Jonathan Demme was one of the most eclectic, delightful and original film makers in Hollywood. He also happened to be one of the nicest: the compassionate sensibility that lent his work his warmth and musicality was no put-on. Plainly put, he loved people.
He rose to prominence in the 1980's with his comedy films Melvin and Howard (1980), Swing Shift (1984), Something Wild (1986) and Married to the Mob (1988). He became best known for directing The Silence of the Lambs (1991), for which he won the Academy Award for Best Director. He later directed the acclaimed films Philadelphia (1993) and Rachel Getting Married (2008).

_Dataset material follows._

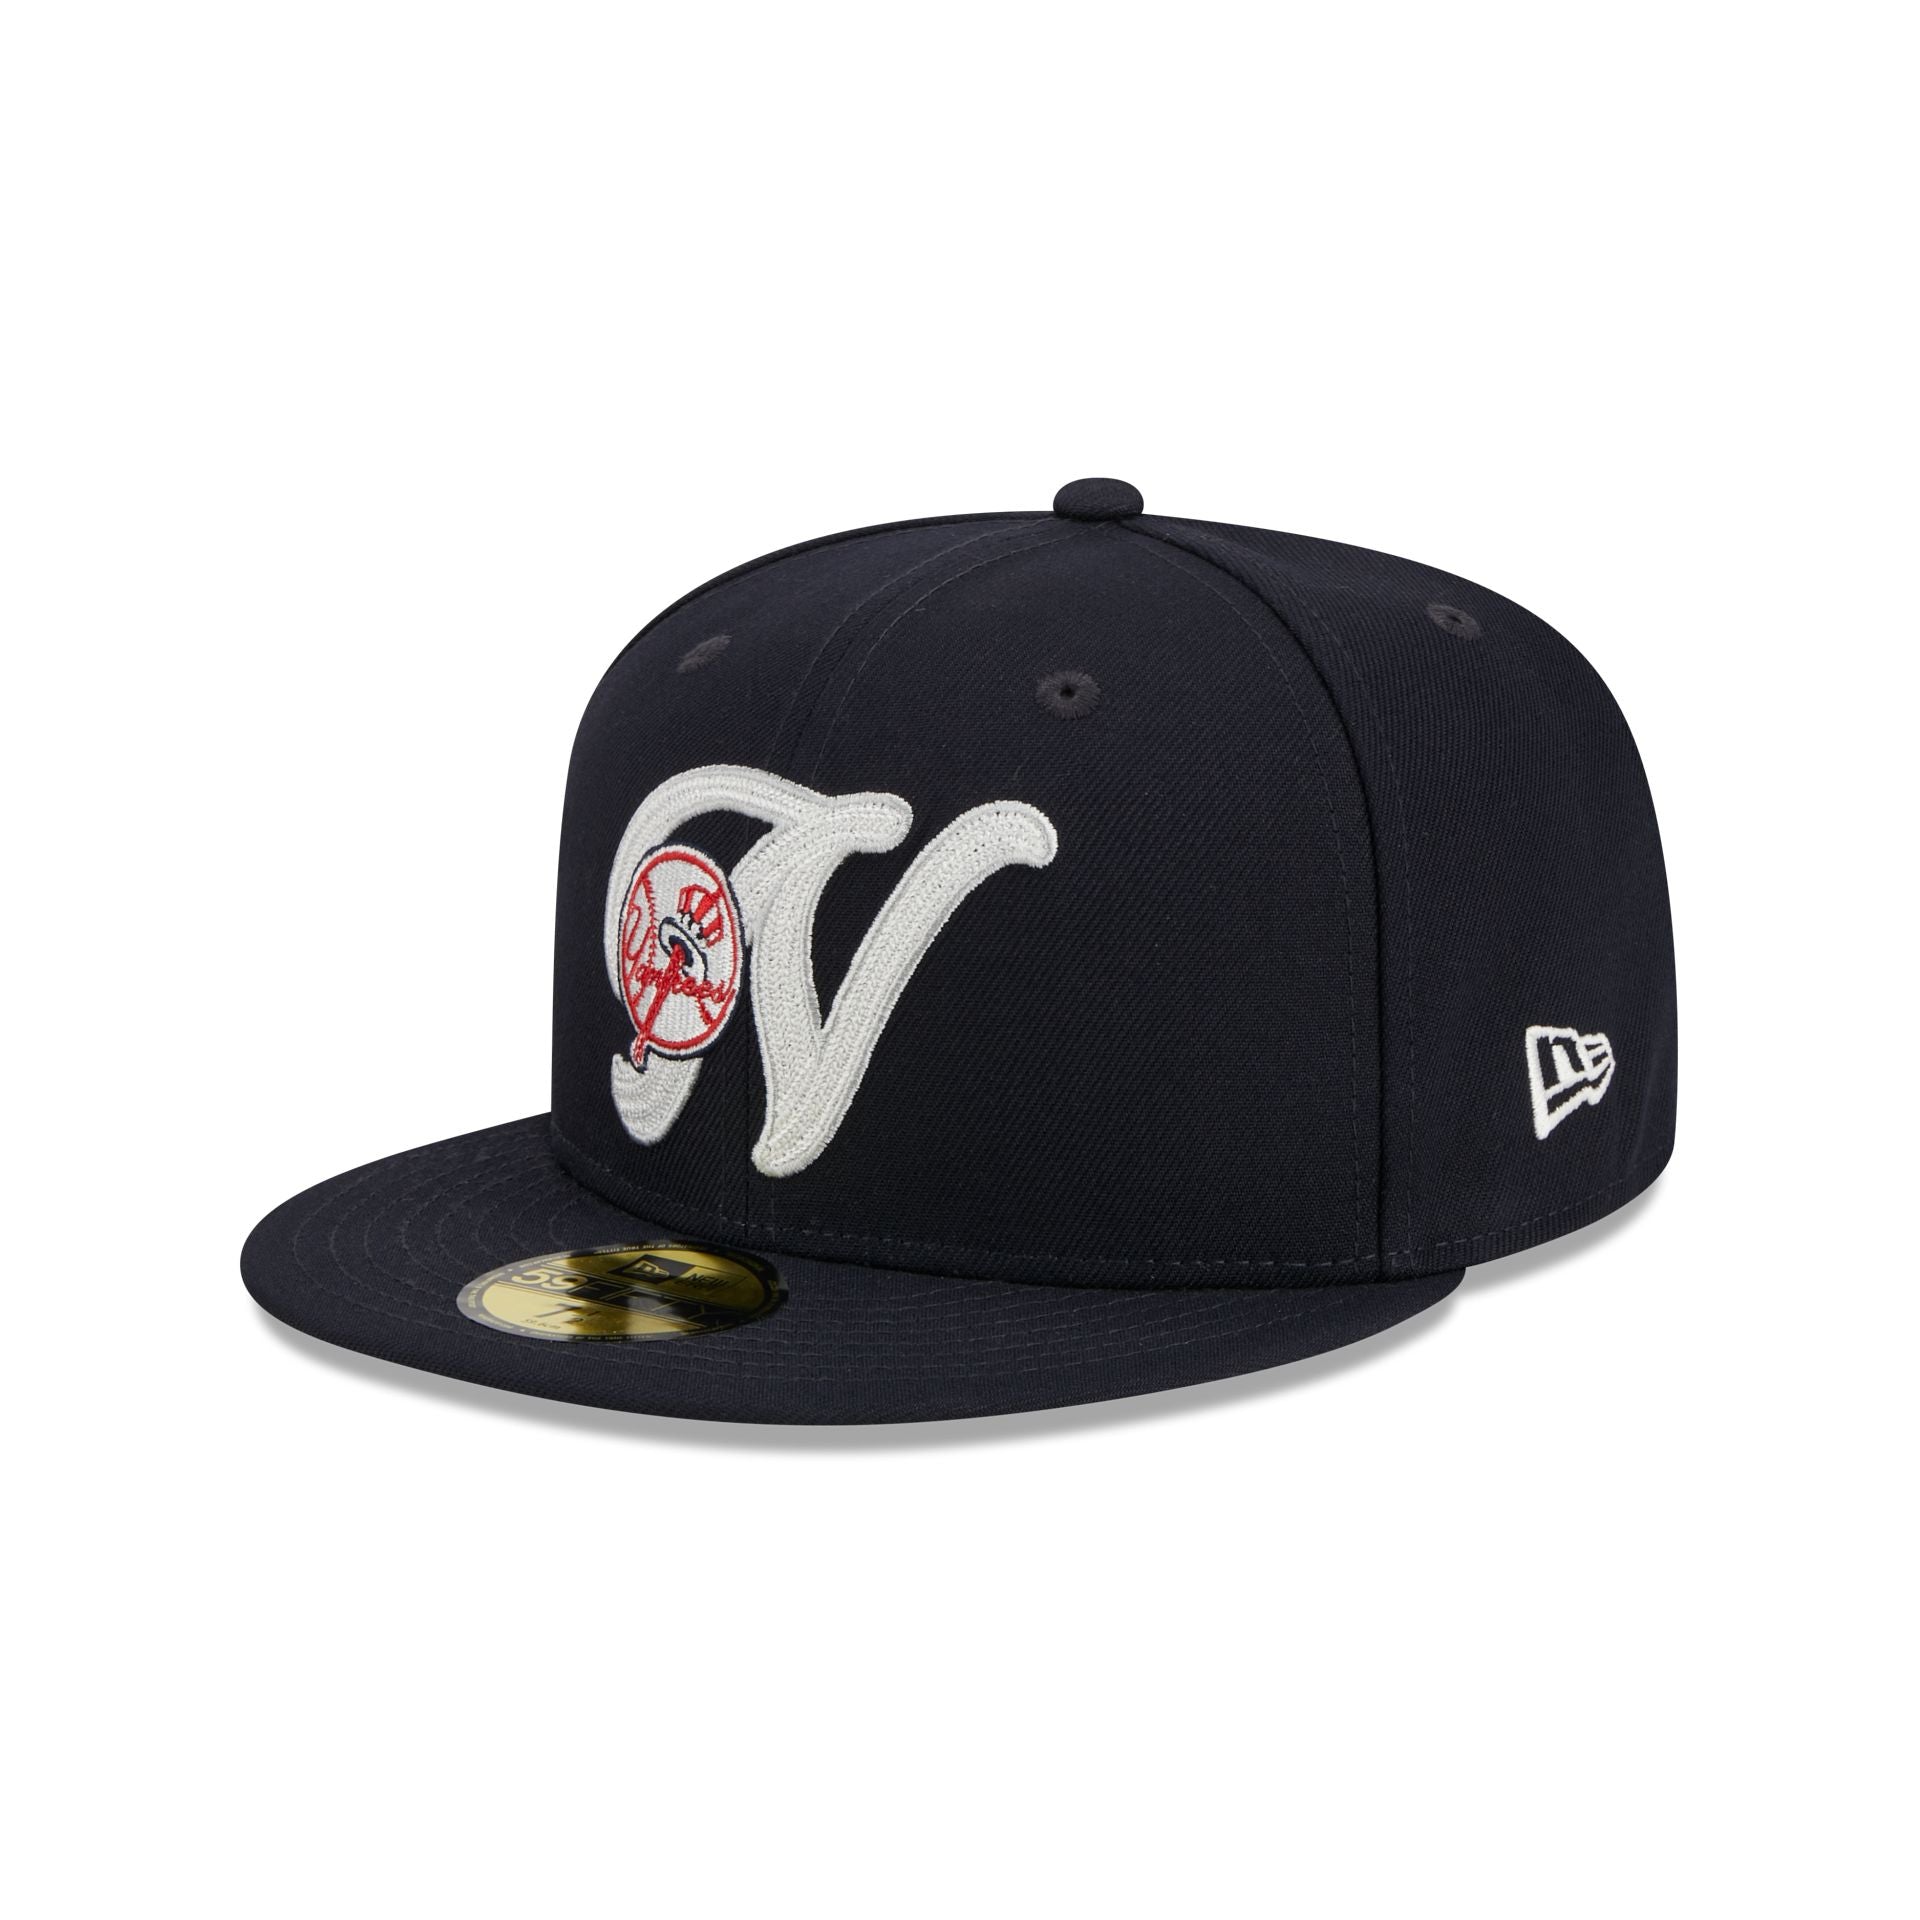 New Era Men's MLB AC 59FIFTY New York Yankees Home Fitted Cap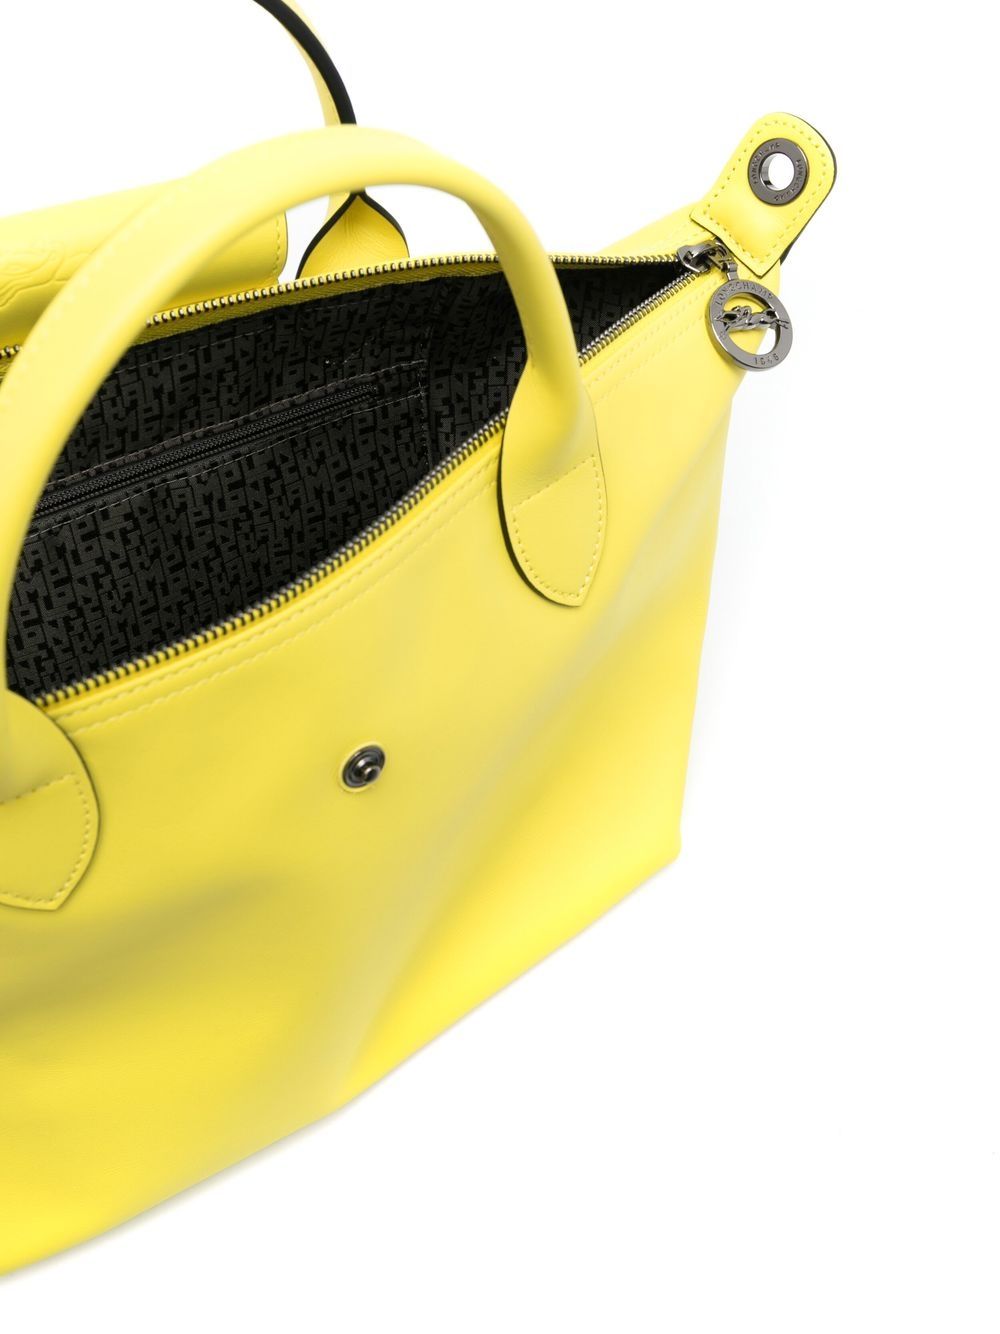 Longchamp BLE PLIAGE XTRA Pouch - Yellow Leather (Lemon) NEW with Tags

Throughout 1986-2004, Demme was known for his dramatic close-ups in films. This style of close-ups involves the actor looking directly into the camera during crucial moments, particularly in the 'Quid pro quo' scene in The Silence of the Lambs. According to Demme, this was done to put the audience into the character's shoes. Beginning with Rachel getting married, Demme then adopted a documentary style of filmmaking.
Jonathan Demme died on Wednesday 26 April aged 73. In 2008 Ryan Gilbey asked him whether he had anything to add to the formula he gave in 1986 for making a decent movie 'you get a good script, good actors and try not to screw it up'. He let out a joyful laugh 'That's the formula, baby!'.